● **GIVEN DATA**
-.-.-

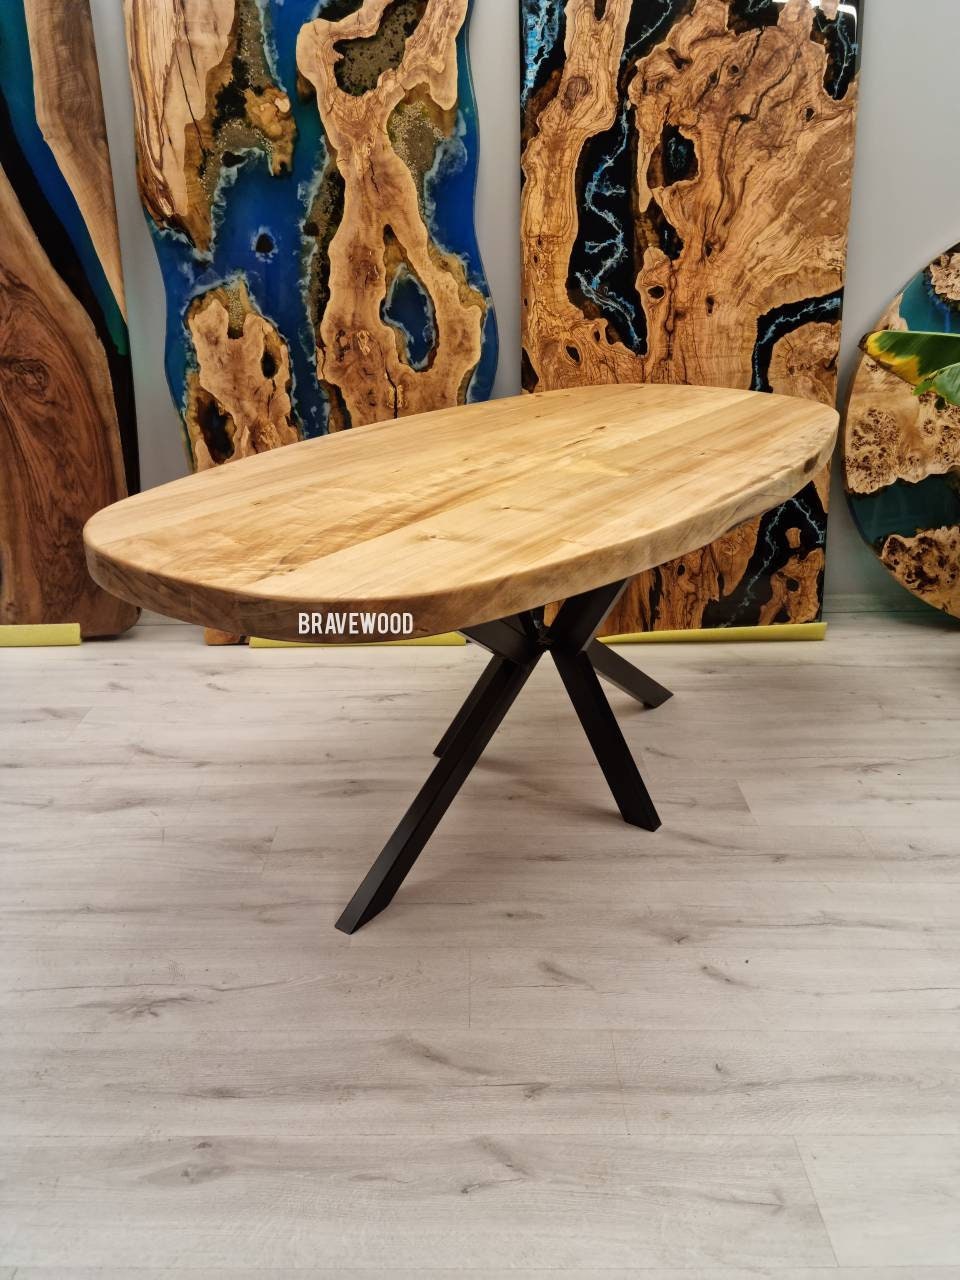 BASCO tavolino ovale 120x60 in legno massello con base dogata design living  casa
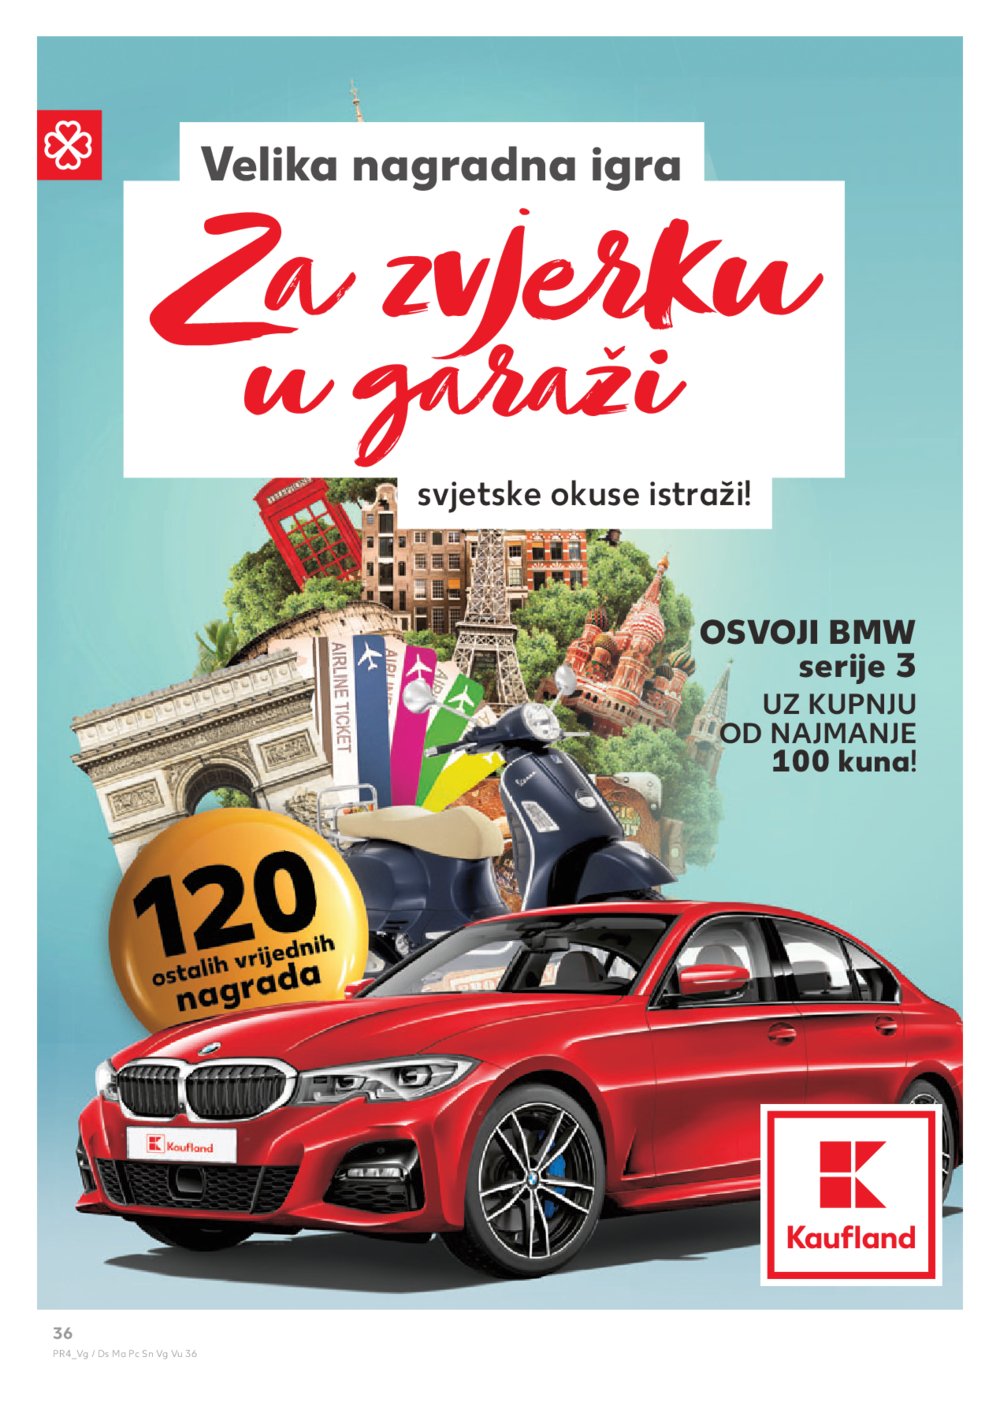 Kaufland katalog Akcija 14.08.-21.08.2019. DS, Sinj, VG,VU
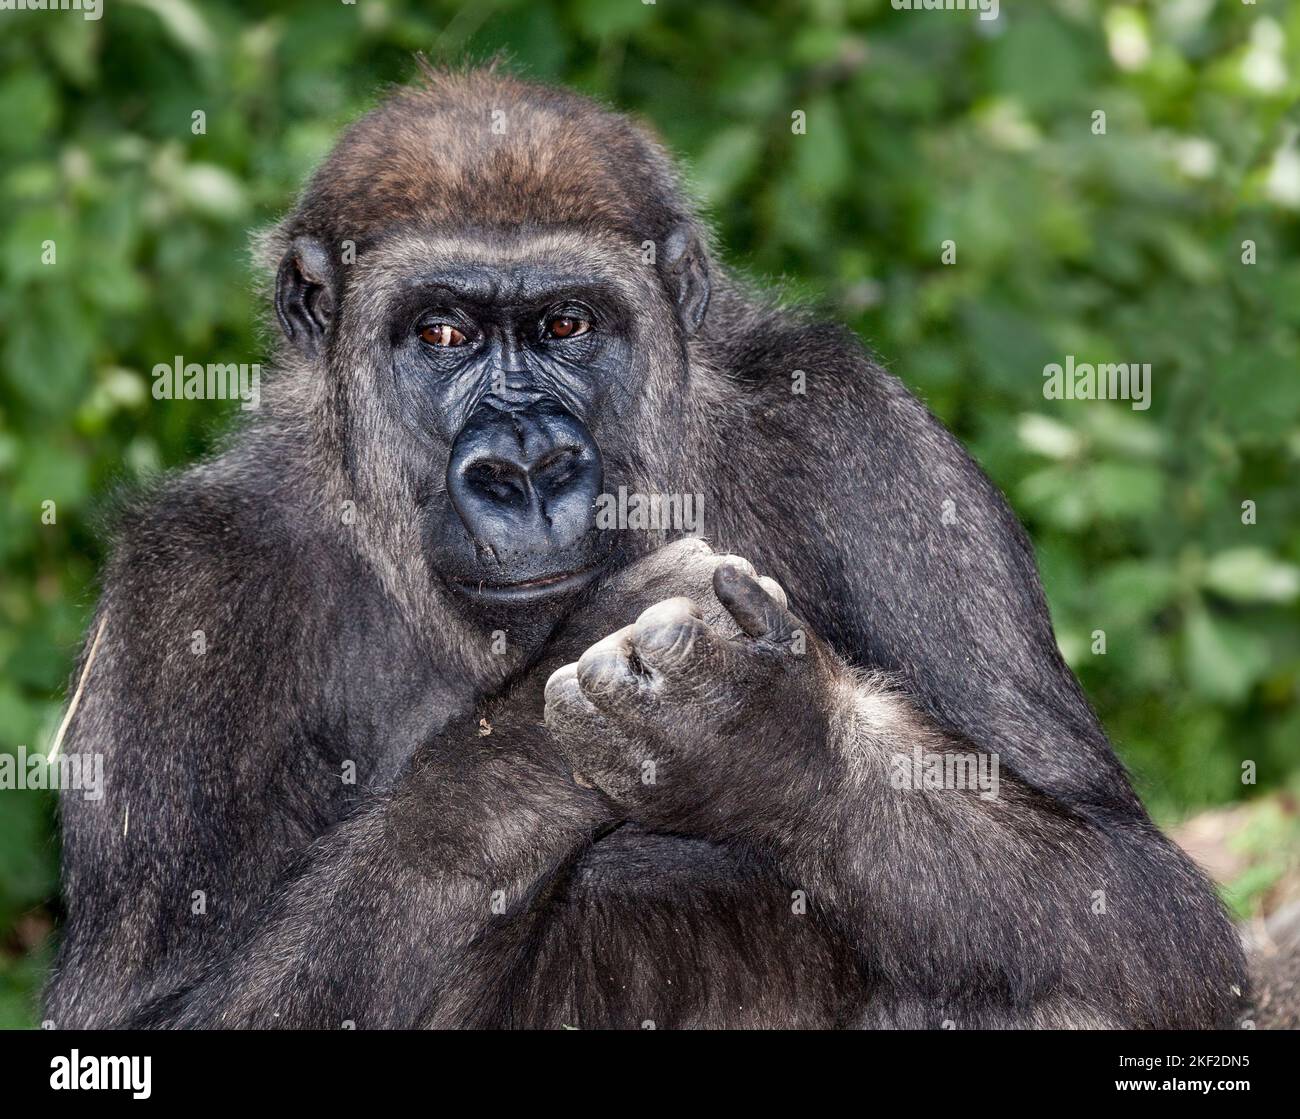 Los gorilas son grandes simios herbívoros, predominantemente terrestres que habitan los bosques tropicales del África ecuatorial. Foto de stock

-.-.-

● **REQUIREMENT**
Would you transcribe all of the data exactly, apart from its pictures?

● **ANSWER BOX**
 BASCO tavolino ovale 120x60 in legno massello con base dogata design living  casa
 Kaufland katalog Akcija 14.08.-21.08.2019. DS, Sinj, VG,VU
 Los gorilas son grandes simios herbívoros, predominantemente terrestres que habitan los bosques tropicales del África ecuatorial. Foto de stock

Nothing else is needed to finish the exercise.